[129] That is to say, from the angles in quartile (and therefore hostile also) to the mid-heaven.

[130] The text does not show whether it be necessary that Saturn and Mars should both be in the ascendant, in order to produce the effect described; nor whether the same effect would not follow, if one of them should be in the ascendant, and the other in the occidental angle, or even in some other position.

[131] [Vide Chapter VI, Book I].

[132] The planet here alluded to, seems to be that which may be connected with most of the ruling places.

[133] I have looked in many other books for this word “Anactores” (plural of ανακτωρ), as designating three particular individuals born at the same birth; for which signification it is here used by Ptolemy; but my search has been in vain. Cicero has, however, written a passage, in which a word, very nearly resembling it, occurs, and which would seem to relate to the very persons alluded to by Ptolemy: viz. “The godship of the Dioscuri was established in various modes among the Greeks, and applied to various persons. One set consisted of three persons, who were styled at Athens the Anactes, and were the sons of Jupiter, the most ancient king, and Proserpine; their several names were Tritopatreus, Eubuleus and Dionysius.” De Nat.
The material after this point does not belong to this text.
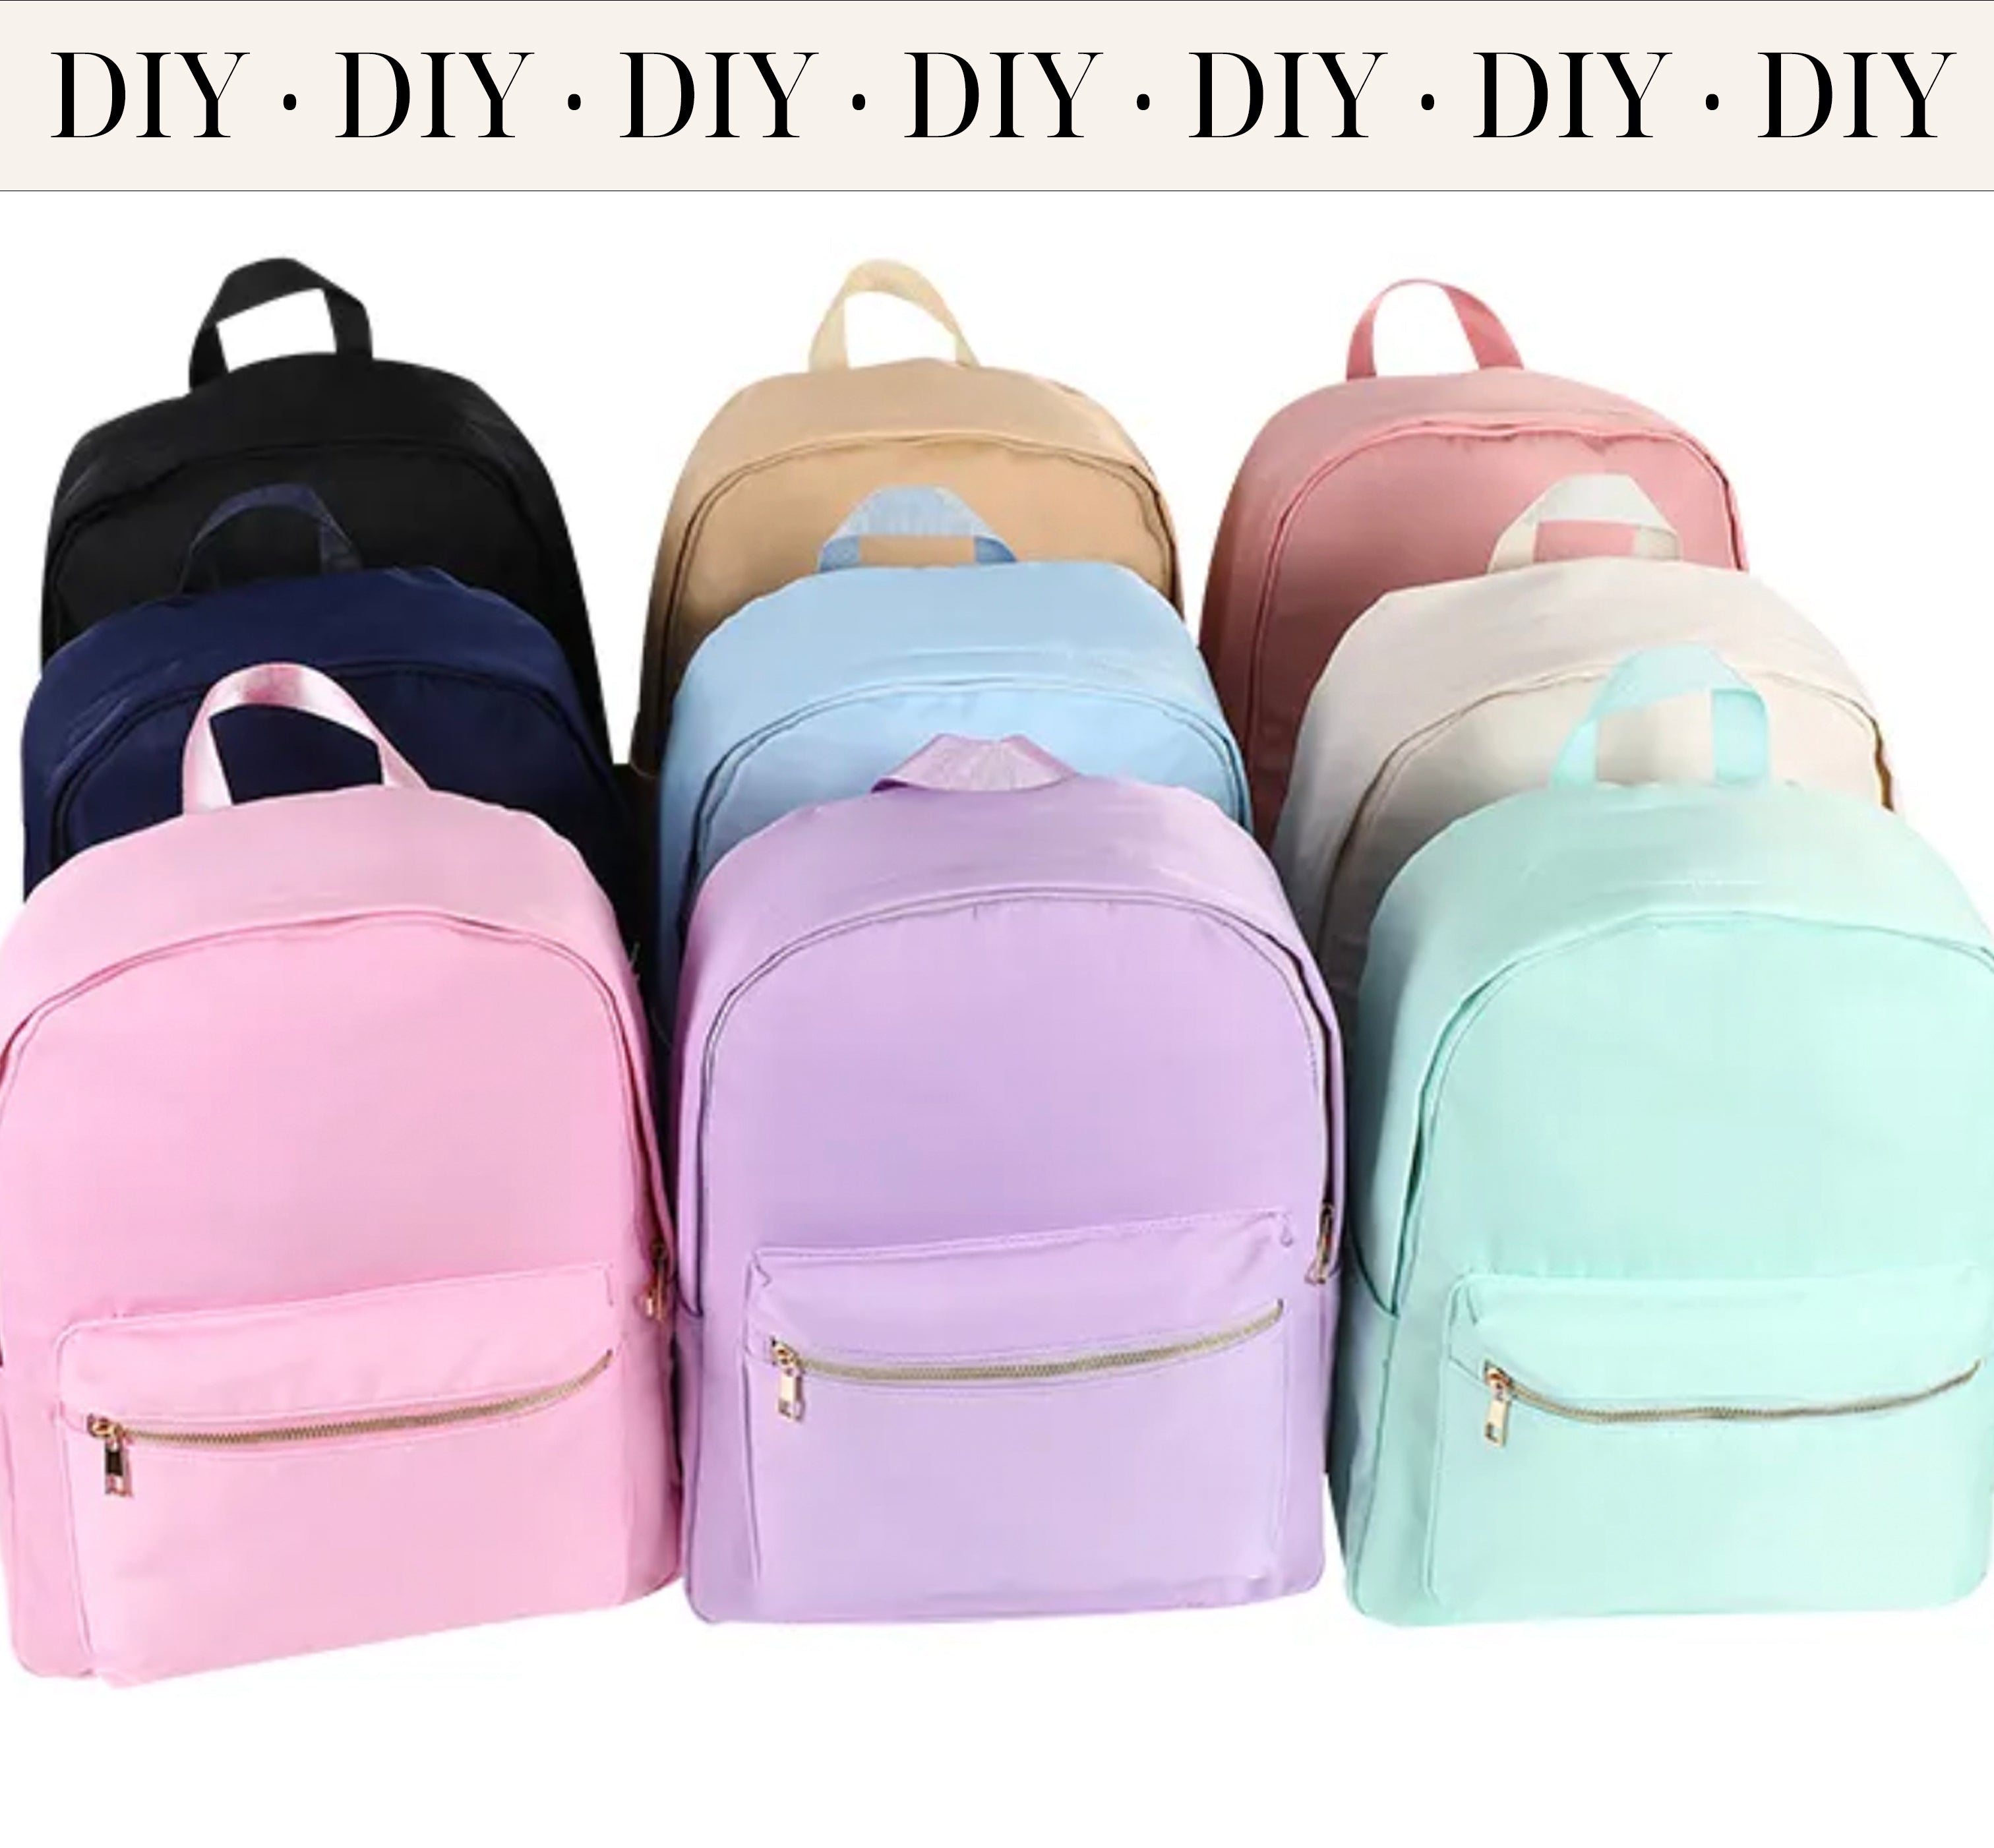 diy backpack

Deor., lib. 3, cap. 21.

[134] This is the second set of the Dioscuri, as stated by Cicero: they were the children of the third, or Cretan Jupiter (the son of Saturn) and Leda; their names were Castor, Pollux, and Helena. Helena, however, is not mentioned by Cicero.

[135] Core is a name of Proserpine; Liber, of Bacchus. And, although the mention here made of Ceres, Proserpine and Bacchus, as being the offspring of one and the same birth, does not accord with the usual notion of the genealogy of these divinities, it seems that Ptolemy did not so represent them without some reason. For, in cap. 24, lib. 2, De Nat. Deor., Cicero speaks of Liber as having been deified conjointly with Ceres and Libera (another name of Proserpine); and adds, that “it may be understood, from the rites and mysteries of the worship, how the deification took place.” It appears also, by Davies’s notes on Cicero, that Livy and Tacitus both speak of the copartnership in divinity exercised by Liber, Libera and Ceres. There is not, however, any occasion at present to dive deeper into the question of the generation of these deities; for our author has advertised to them only to point out that so many males or females will be produced at one birth, under certain configurations of the stars.

[136] Whalley says here, “chiefly the ascendant and mid-heaven.”

[137] Whichever might have been nearer in time.

[138] It is perhaps superfluous to mention that the two kinds of animals here named (as well as many others) were venerated by the Ægyptians.